Category: Edgar Allan Poe's Murder Mystery Dinner Party (Web Series)
Genre: I meant to write something funny, and ended up writing an introspective piece on Lenore oops
Language: English
Status: Completed
Published: 2016-10-17
Updated: 2016-10-17
Packaged: 2018-08-23 01:02:09
Rating: Teen And Up Audiences
Warnings: Major Character Death
Chapters: 1
Words: 2,505
Publisher: archiveofourown.org
Story URL: https://archiveofourown.org/works/8307805
Author URL: https://archiveofourown.org/users/TheDragonofHouseMormont/pseuds/TheDragonofHouseMormont
Summary: There is too much death in her to allow for so much life.





	

The first time it happens, Lenore is 8 years old.  A large, black beetle takes up residence just outside her bedroom window.  For two days she watches it walk back and forth, but making no move to leave.  On the second night she opens her window to greet it, only to find it lying on its back, legs curled in toward its belly.

She leaves the body where it is, sparing it a glance every so often until, finally, it disappears.

She doesn’t give the beetle any more thought until nearly a year has passed.  A layer of snow covers the ground like a thin blanket, her shoes crunching through to the dirt below with little effort.  A sharp breeze brushes past her cheek just as a loud croak catches her attention.  Her nanny stops walking immediately, startled, but Lenore continues forward, her gaze up at the endless white sky, hardly noticing the tug on her hand.  She hears the loud croak again and a speck in the sky grows larger as it hurtles toward her, crashing to the Earth just a few feet ahead.

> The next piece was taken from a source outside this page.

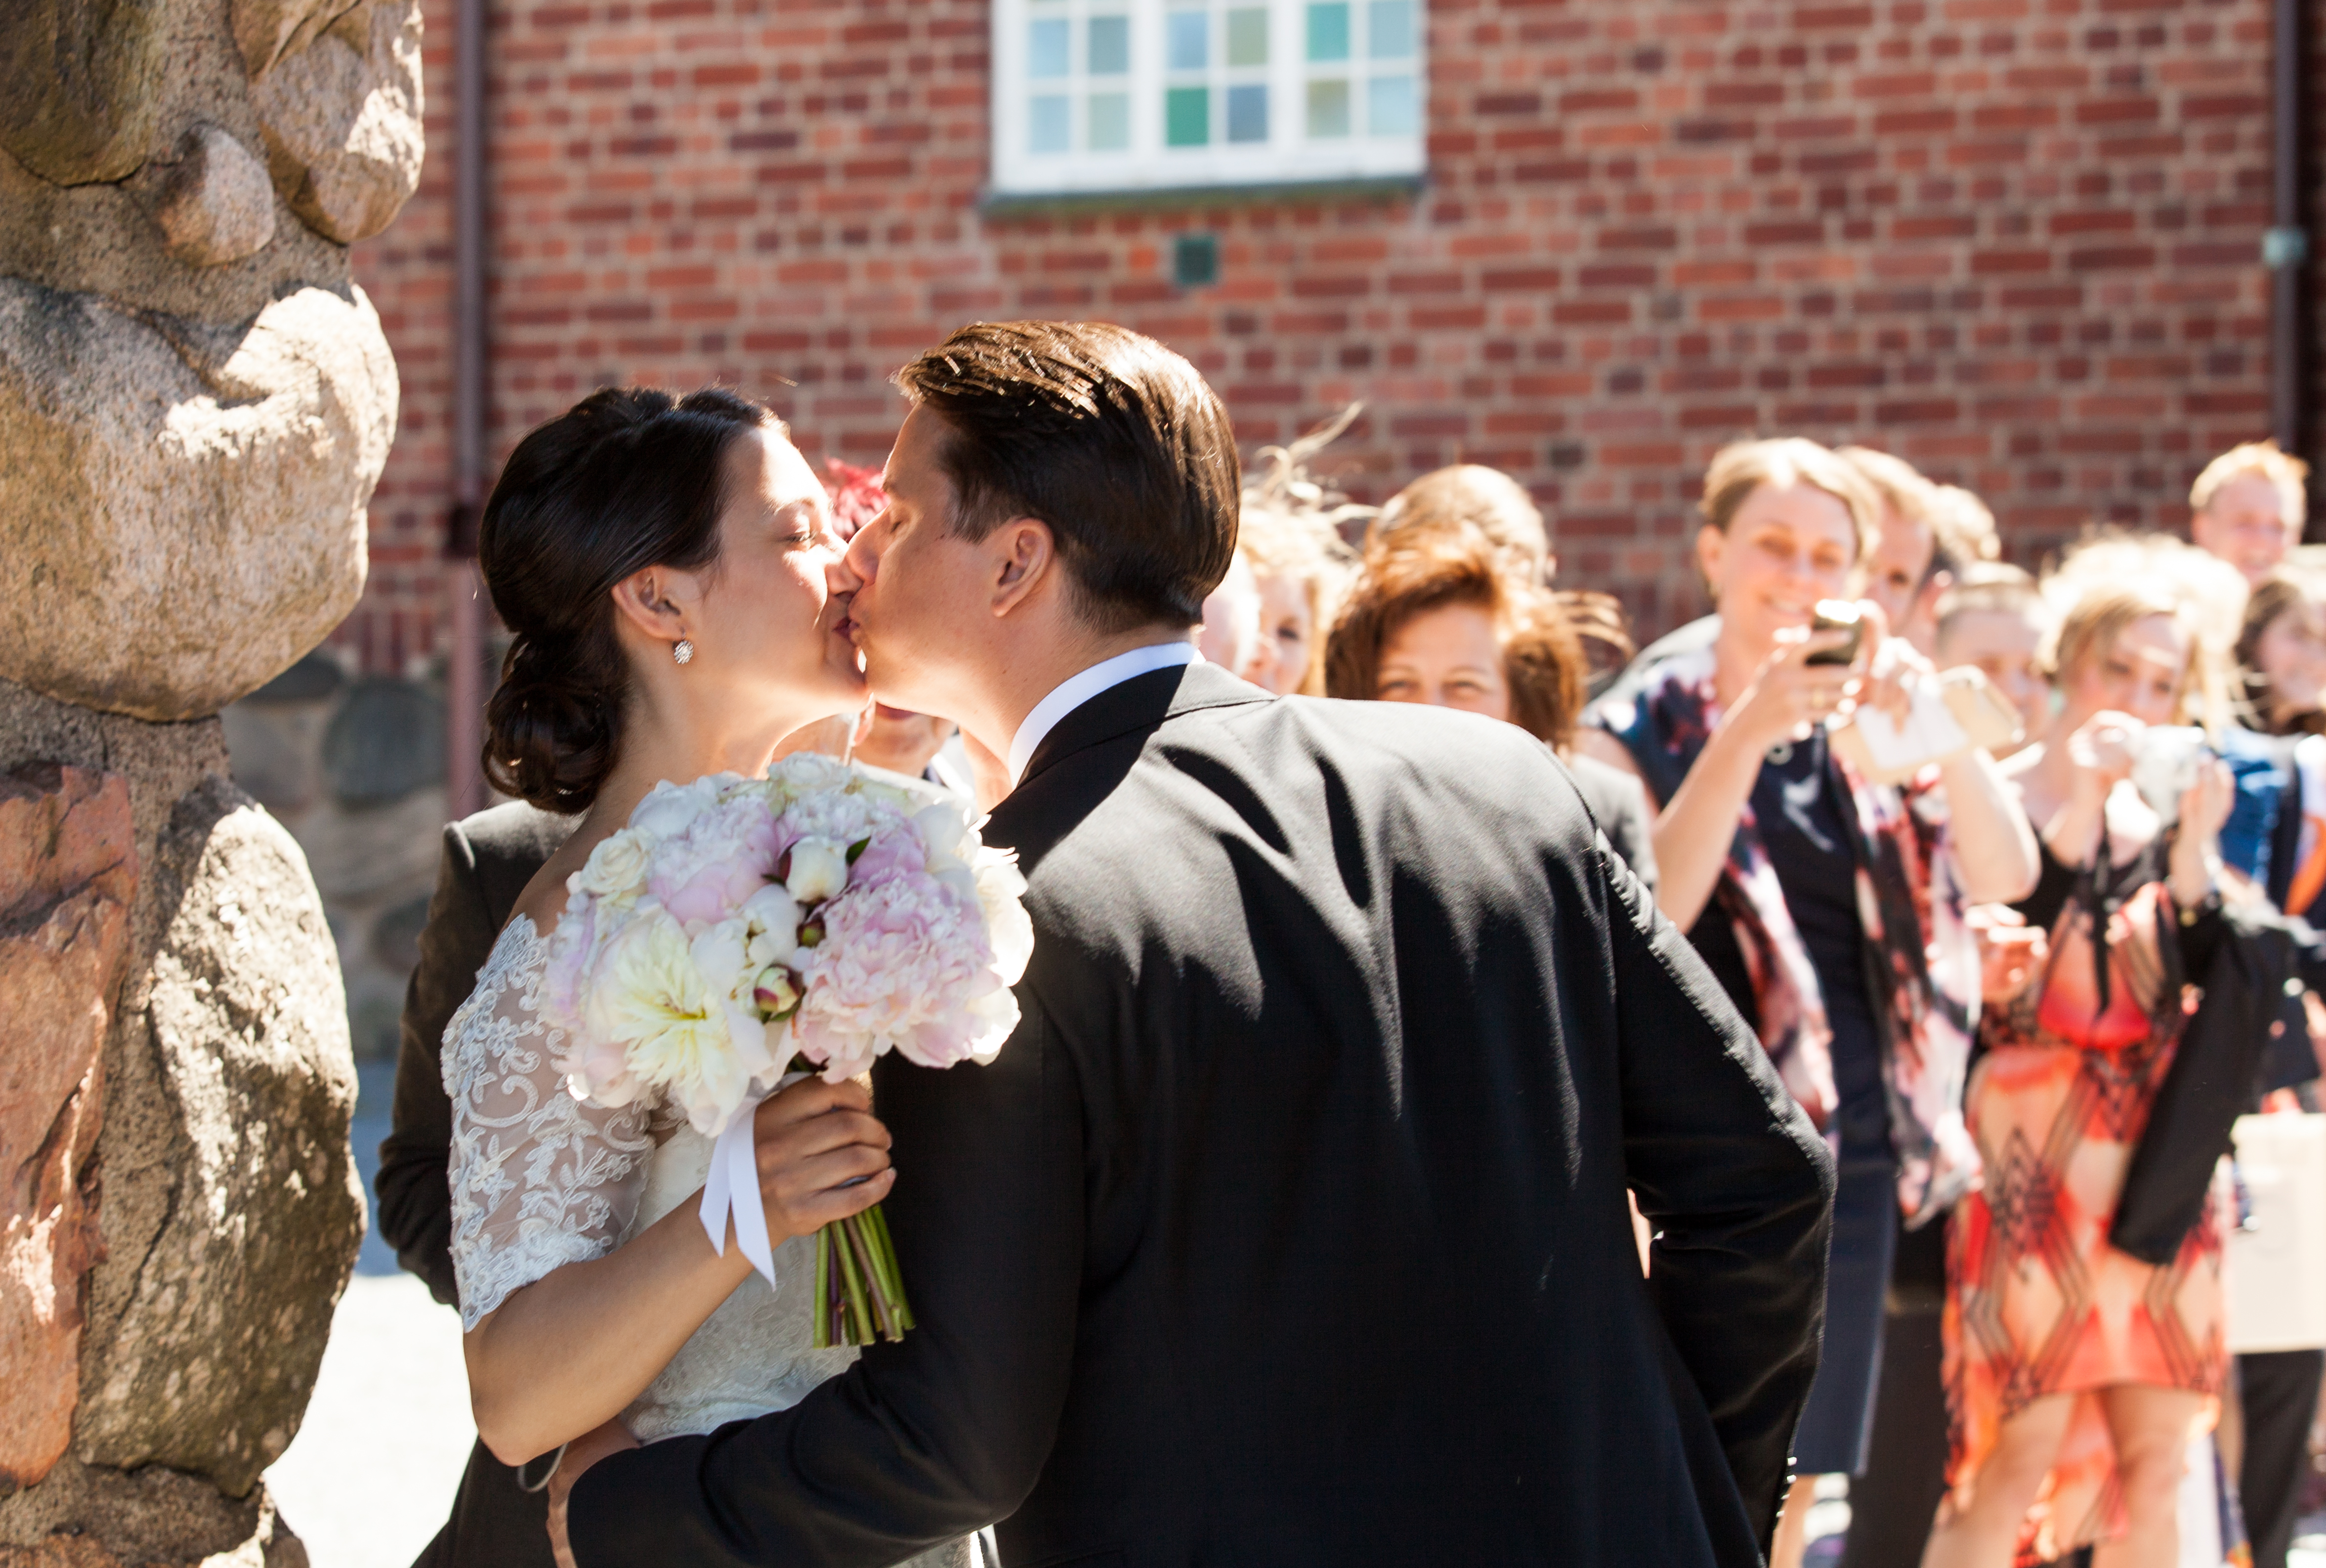 a wedding in Gothenburg, Sweden in June 2014, picture 4/6

Lenore pulls her hand free and races forward, peering down at the torn black feathers, the drops of blood on the snow, the eyes unmoving.  She reaches out, mesmerized, wanting to feel the feathers like silk between her fingers.  But her nanny snatches back her hand, having caught her once more, and pulls her away from the morbid sight.

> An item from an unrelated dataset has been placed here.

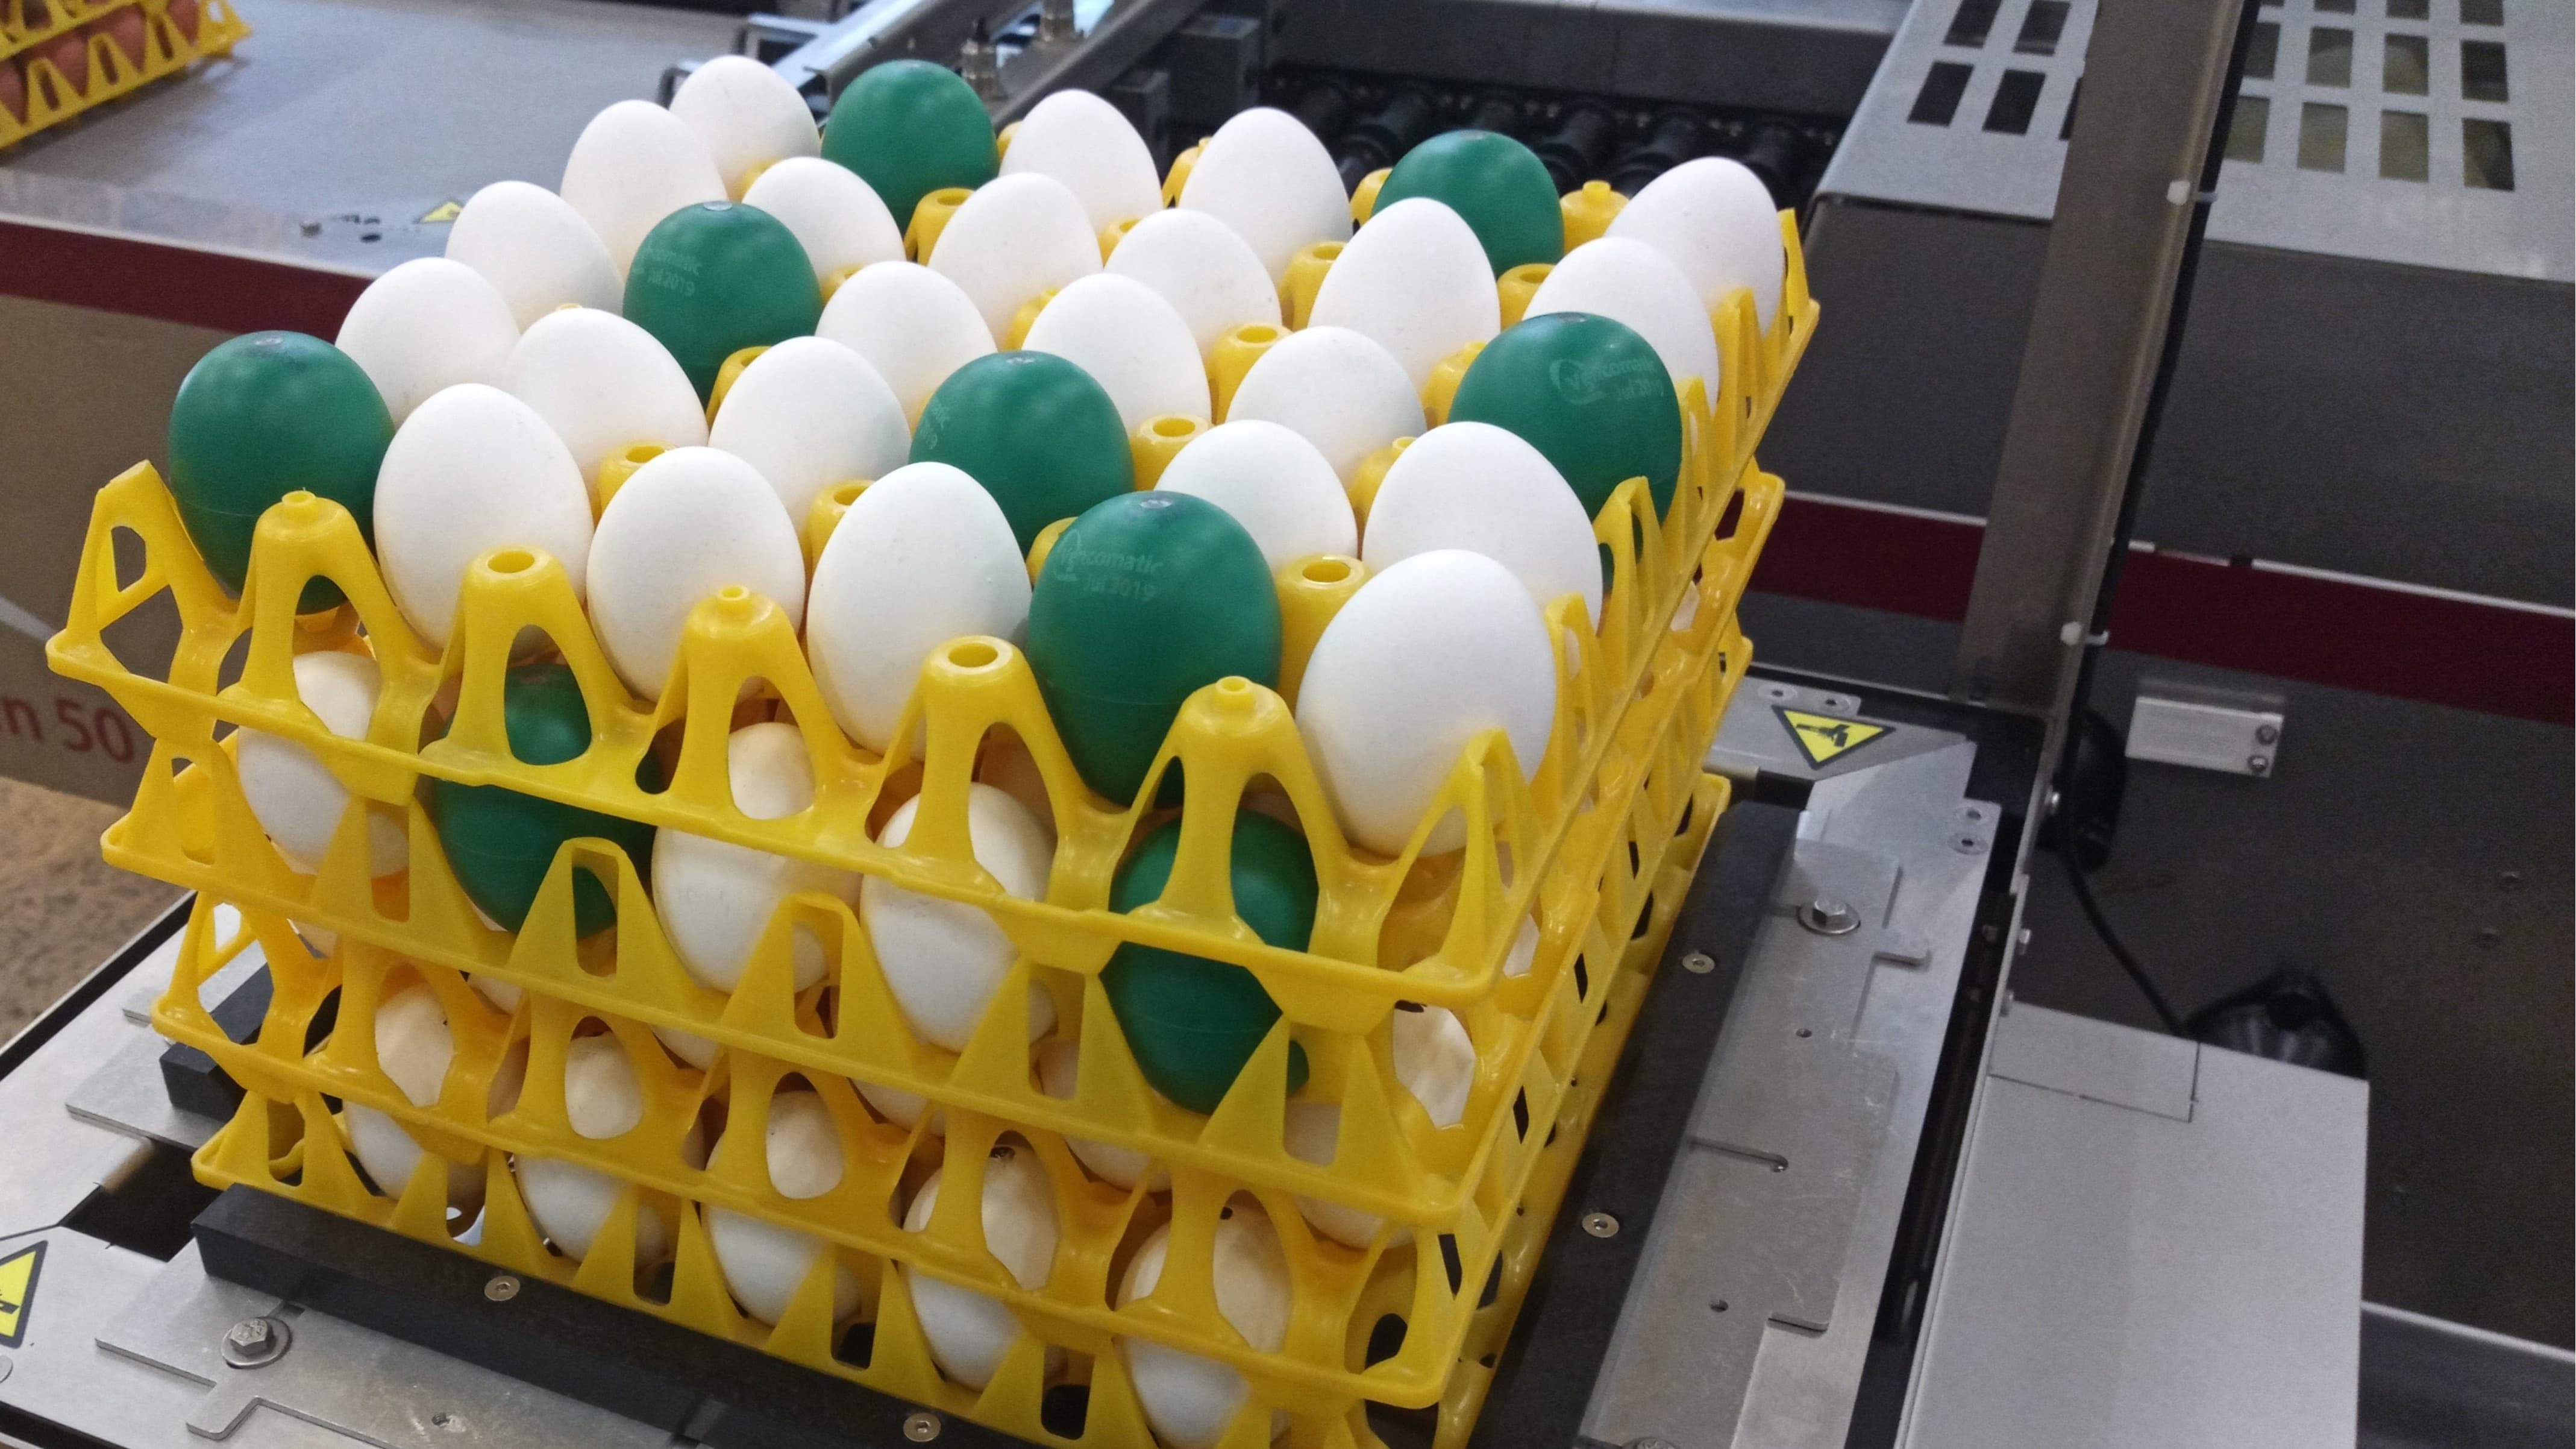 Höckerstapler mit elektronischen Eiern

And it continues.  Wherever Lenore goes, death seems to follow.  A moth on a windy day.  A whole line of ants during a hot summer.  Her best friend at school.  The cat her family adopts.  It becomes more frequent.  A squirrel finds her while she’s out walking and dies right before her feet as if its heart could not go on beating.  She finds a caterpillar making a cocoon as it hangs from a tree, but it stops moving as she steps near.  She passes that same tree the next day and checks in on the caterpillar, only to find that it has shriveled up exactly where she had left it.

Her mother becomes sick with consumption and Lenore tends to her as she can, sitting by her side every day.  When her mother breathes her last breath Lenore closes her eyes and steps outside the room.  She takes a deep breath, steeling herself, keeping any tears from falling.

And she gets the message, okay?  She gets it.

-

 _Spirit,_ the voice says, calling her, and if Lenore didn’t have eyes before she does now as she opens them and sees the study.  “Spirit,” the woman says again.  “Speak your truth to us.”

Lenore doesn’t speak, not at first.  She blinks rapidly, trying to orient herself.  She remembers her wedding day, her fever, lying down when she could no longer stand.  She looks at her clothes and sees her wedding dress.  Is it still her wedding day?  Is she better now?  She sees her father standing just behind the woman, but there’s something off about him.  “Dad!” she exclaims as she runs to him, but when she tries to put her arms around him, they pass right through.  She steps back out of shock.  “Dad?”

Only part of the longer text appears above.